» **The problem**
After finding "Schwing Liquid Eyeliner by theBalm #22" in the data, write out its line and all following lines without change, up to and including the last one. Leave out pictures.

» **Information supplied**
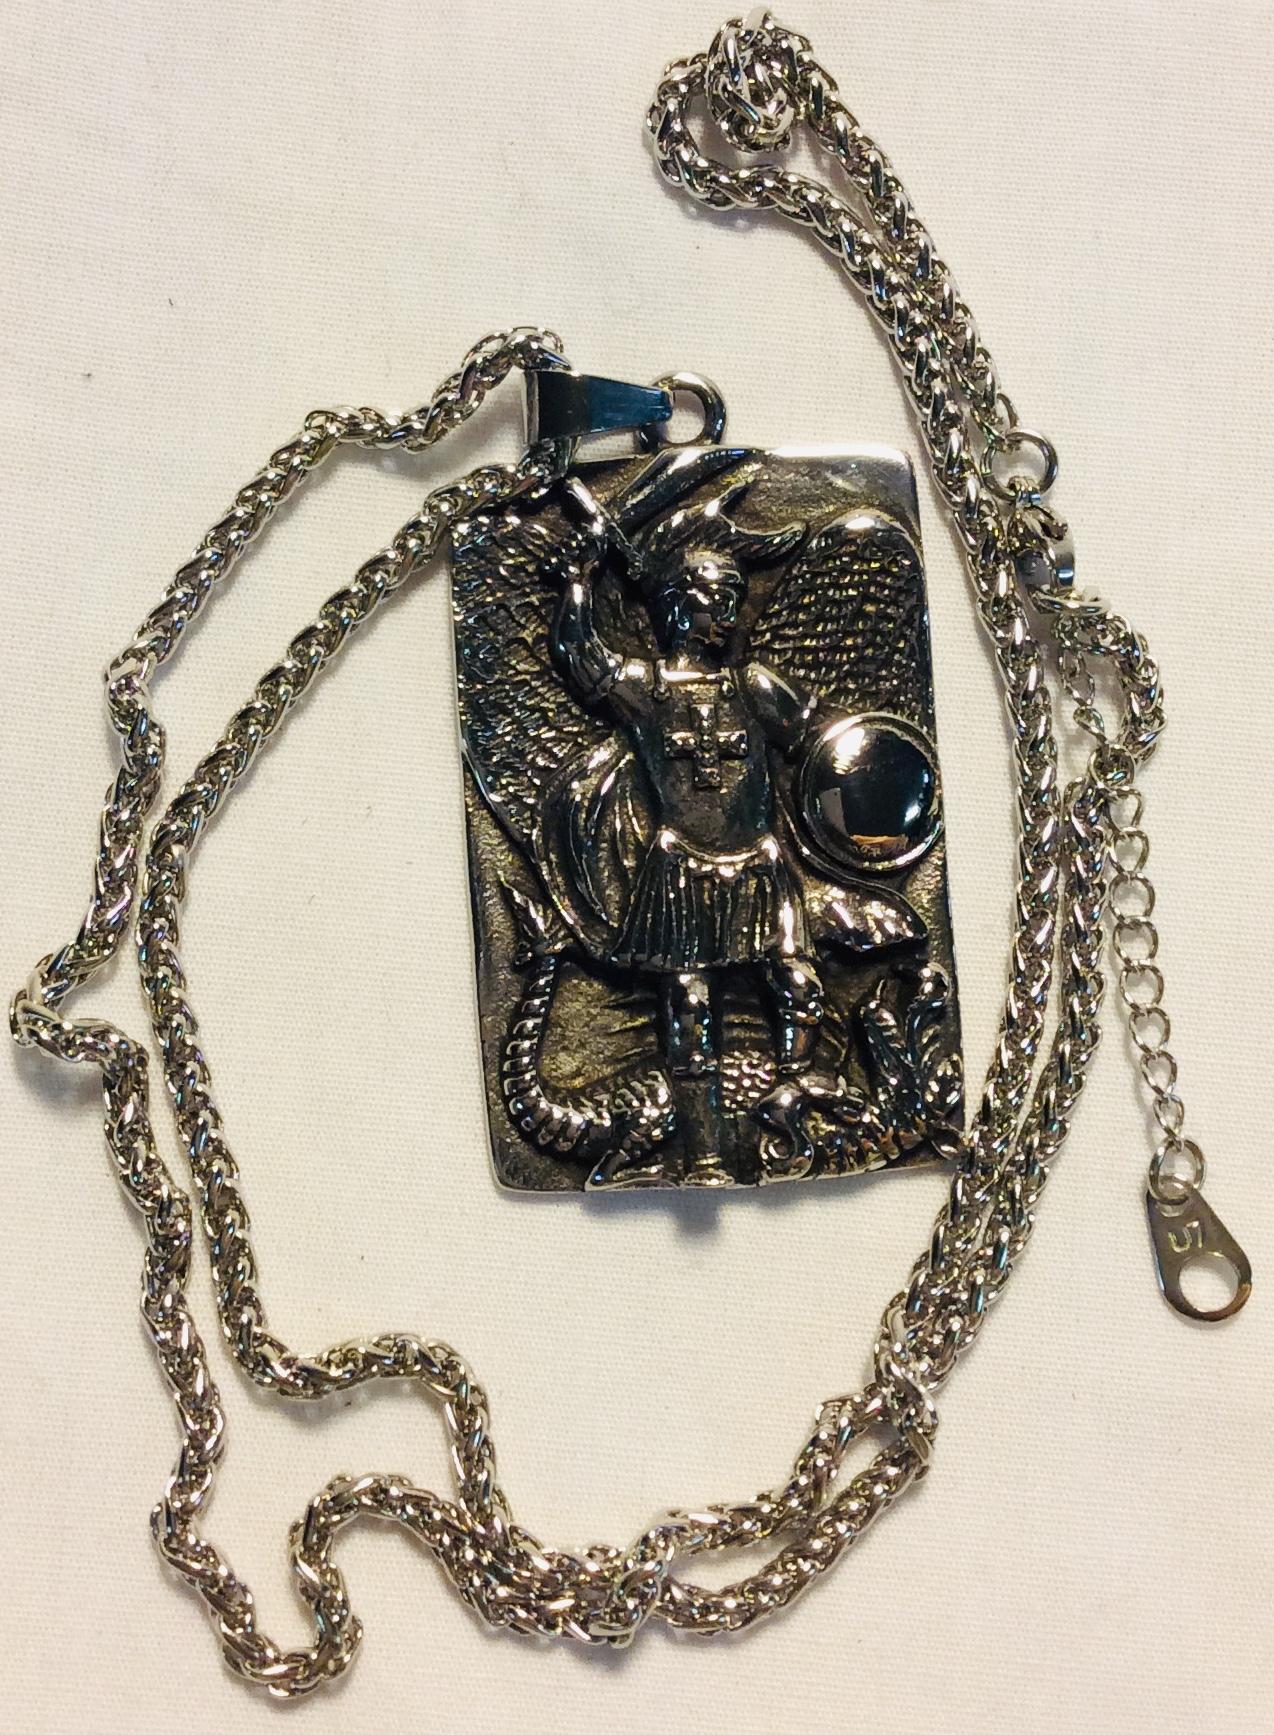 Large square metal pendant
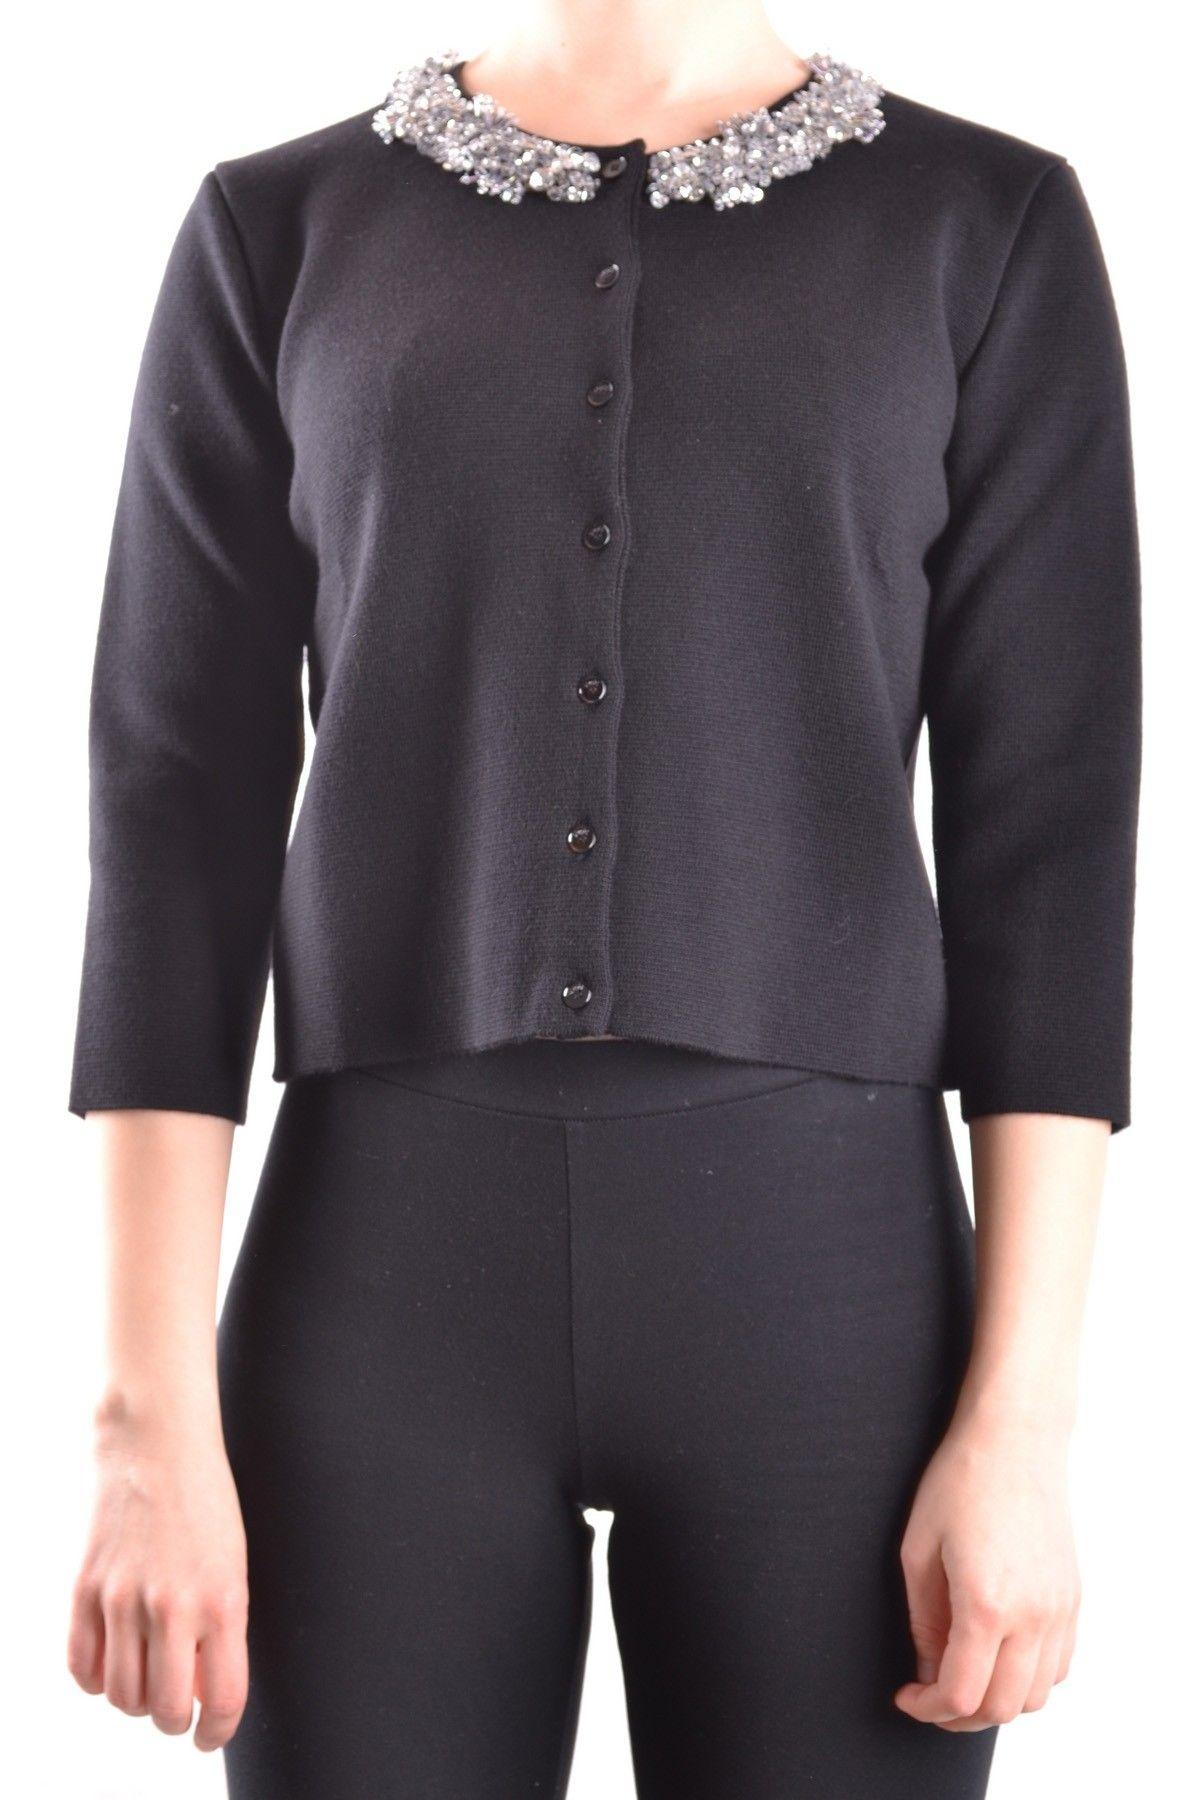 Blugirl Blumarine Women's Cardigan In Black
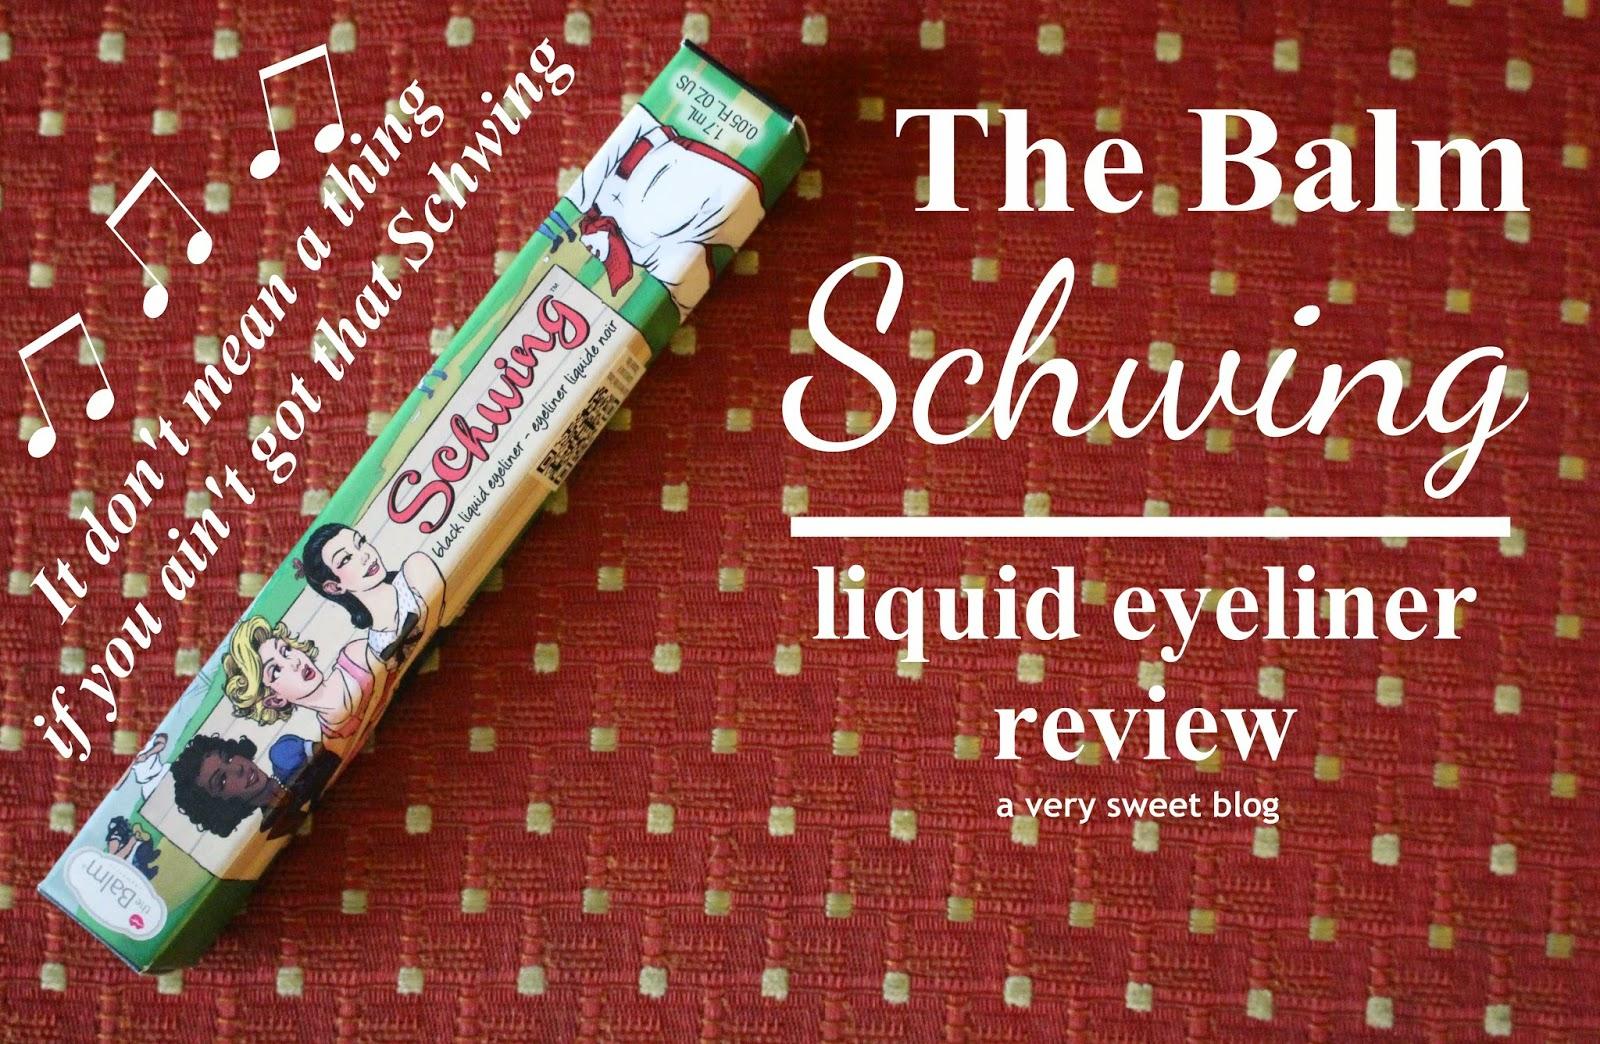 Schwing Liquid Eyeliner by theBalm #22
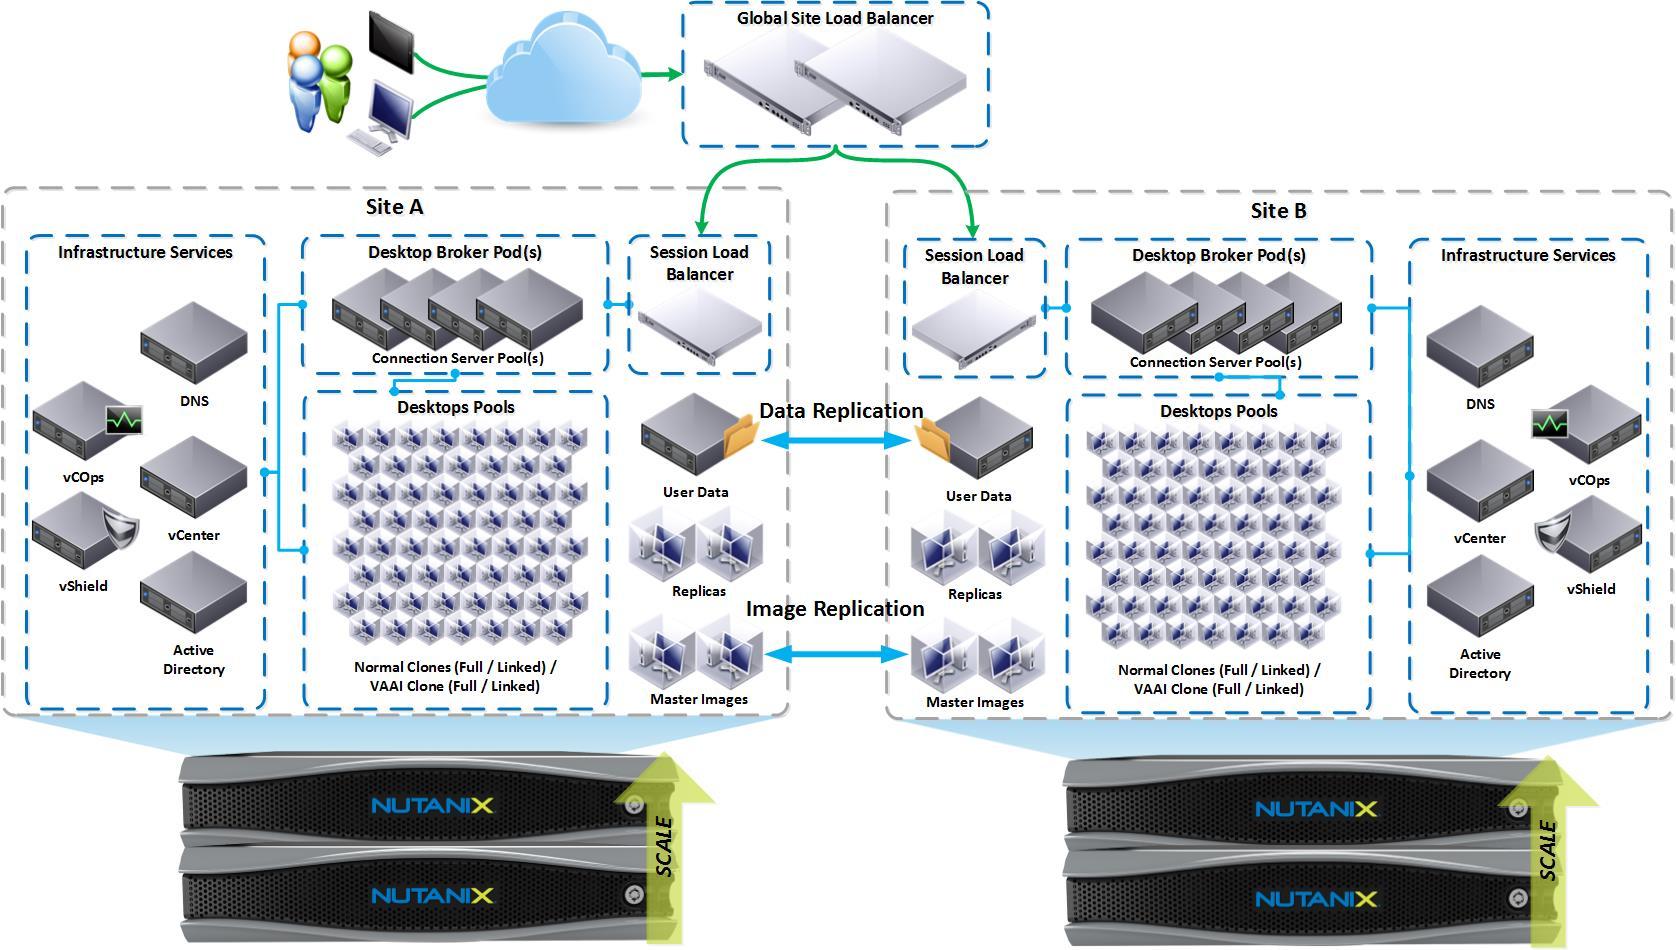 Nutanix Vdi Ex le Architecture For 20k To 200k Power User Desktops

» **Task result**
 Schwing Liquid Eyeliner by theBalm #22
 Nutanix Vdi Ex le Architecture For 20k To 200k Power User Desktops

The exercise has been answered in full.